Тут танцовщица на серебряном подносе принесла пиалу из тонкого полупрозрачного фарфора, в которой до половины был налит чай и плавали два лепестка розы. Ведун чуть оттянул край материи, сделал крохотный глоток, чтобы не обжечь губы, но не успел и поблагодарить, как хозяин заботливо предложил:
— Ты отведи хвост-то, мешает. Ветра здесь нет, пыли и песка тоже. От чего закрываешься? А?
Ведун чуток поколебался, потом отдернул тряпицу.
— Ну вот, нечто подобное я и ожидал, — довольно захлопал в ладоши чародей. — Вот, стало быть, чего истинно гость мой боится.
Олег опустил глаза на палаш. Хозяин недовольно наморщился:
— Ай, перестань. Ужель совсем за глупца меня считаешь? Коли человек с проколотым ухом не сидит на колу, а гуляет средь бела дня по городу, одет в богатые одежды и легко платит золото за снадобья для магии — значит, он не прост, совсем не прост. Похоже, если позвать стражу, то как раз этот человек пойдет гулять дальше, а один очень, очень умный чародей останется лежать с распоротым брюхом. Это будет несправедливо. Как тебя зовут, беглец?
— Олегом.
Немного успокоившись, ведун поднял пиалу, сделал еще глоток.
— Северянин?
Середин кивнул.
— Да-а, далекие края, далекие. Слышал я, там, у вас, стояла гора мира, с которой разошлись в разные стороны все земные народы.

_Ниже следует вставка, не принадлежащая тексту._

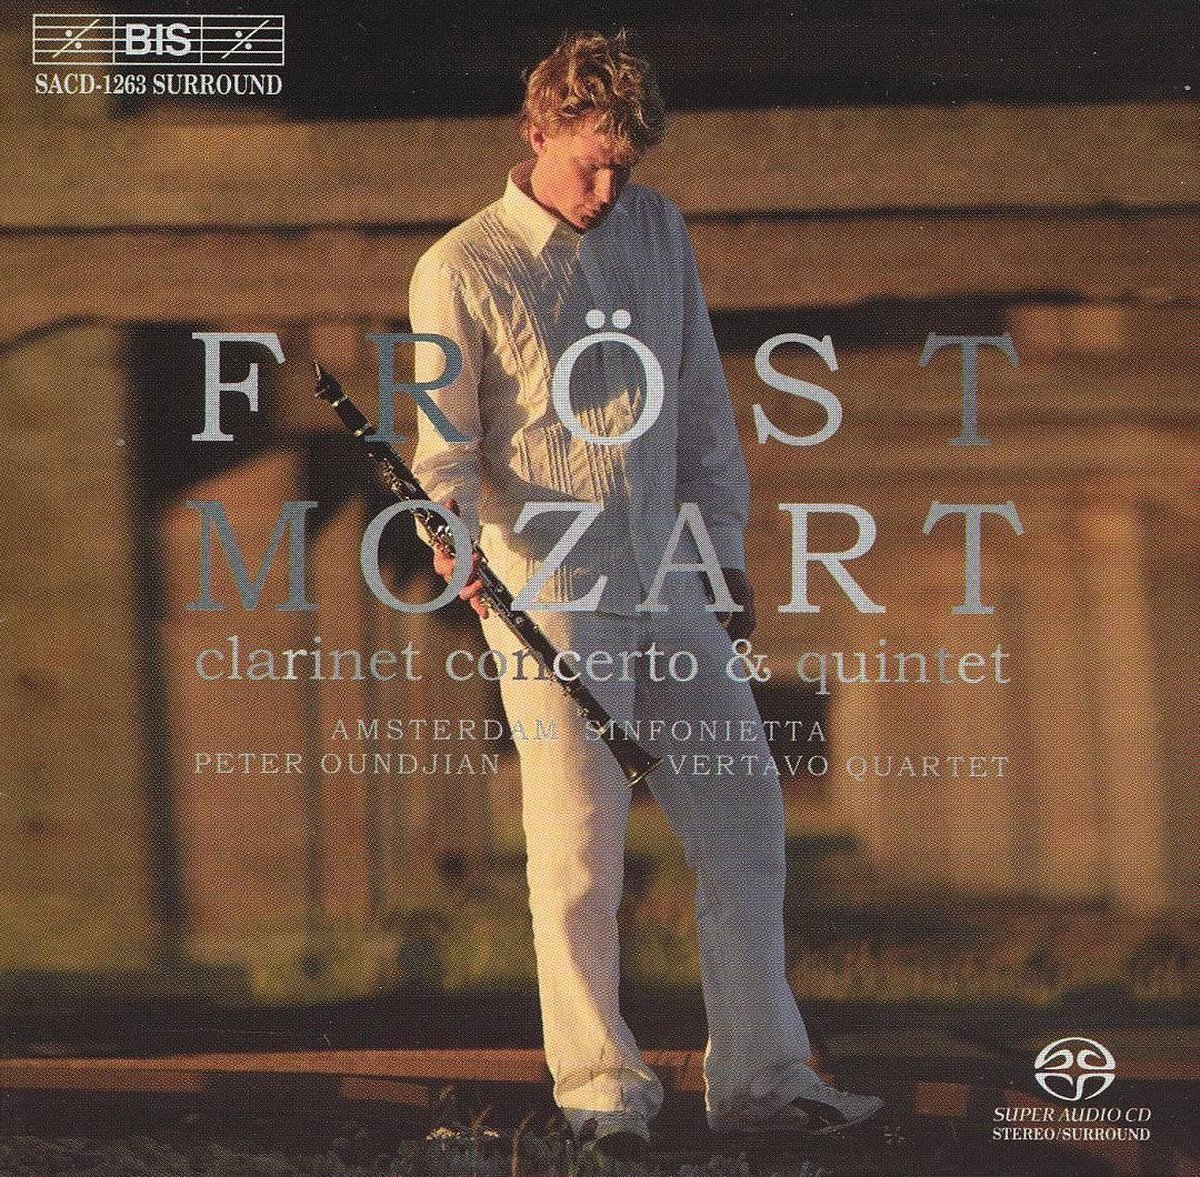 OUTHERE Mozart: Clarinet Concerto, Quintet - Martin Fröst -SACD- (Hybride/Stereo/5.1)

— Русские остались, — сообщил Середин.
— Русские! — обрадовался Бади аз-Заман. — Я слышал про такой народ! Вы воюете с булгарами и византийцами.
— Это было давно, — ответил Олег. — Прошлым летом. Сейчас у нас мир. Наверное… Так ты поделишься со мной зельями, уважаемый?
— Ох, колдун Олег, — покачал головой хозяин. — В нашем деле так часто приходится просить помощи у зла во имя добра и у добра ради пары монет, что очень быстро перестаешь отличать одно от другого. Творишь ли добро, помогая покупателю лишить купца воли к торговле? Творишь ли зло, учиняя ливень, дабы помешать визирю отправиться на охоту? Я уже давно лишился веры в то и другое, а потому ныне следую только одному правилу. Я помогаю тому, кто пришел ко мне, и если это кажется бедой кому-то другому, пусть тоже придет и поведает свои желания.
— Разумно, — согласился ведун, которому не раз приходилось маяться тем же вопросом. Взять хоть банальный приворот: одному помогаешь — другому волю ломаешь. Одному счастье — другому постылость. Как тут выбрать?
— Ко мне пришел ты, северянин, — подвел итог Бади аз-Заман. — Посему и думать мы станем только о тебе. Я знаю, что ты хочешь. Это чародейство мне по силам, и тогда моя совесть позволит мне прибрать этот позванивающий мешочек.
— Поделись зельями, уважаемый, — попросил Олег. — Дальше я и сам как-нибудь выкручусь.
— Был я на торгу пару лет назад, — словно не слыша собеседника, продолжил хозяин. — И увидел, как от жары у тысяцкого Ургена, верного слуги нашего любимого эмира, пошла носом кровь. Как верный слуга халифа, я тотчас кинулся к нему и остановил кровотечение, даже не взяв за это платы. Правда, у меня осталась тряпица, коей я промакивал его кровь… Нет-нет, у меня и в мыслях не было наводить на храброго Ургена чары через его плоть… Но я подумал: пусть полежит. Ведь нити наших судеб переплетаются всяко…
— Это предусмотрительно.
— Конечно, — согласился Бади аз-Заман. — Ибо теперь я могу, используя плоть тысяцкого, навести его облик на тебя. Разумеется, эти чары не вечны, их хватает всего на семь дней. Но семи дней вполне хватит, чтобы покинуть Хорезм.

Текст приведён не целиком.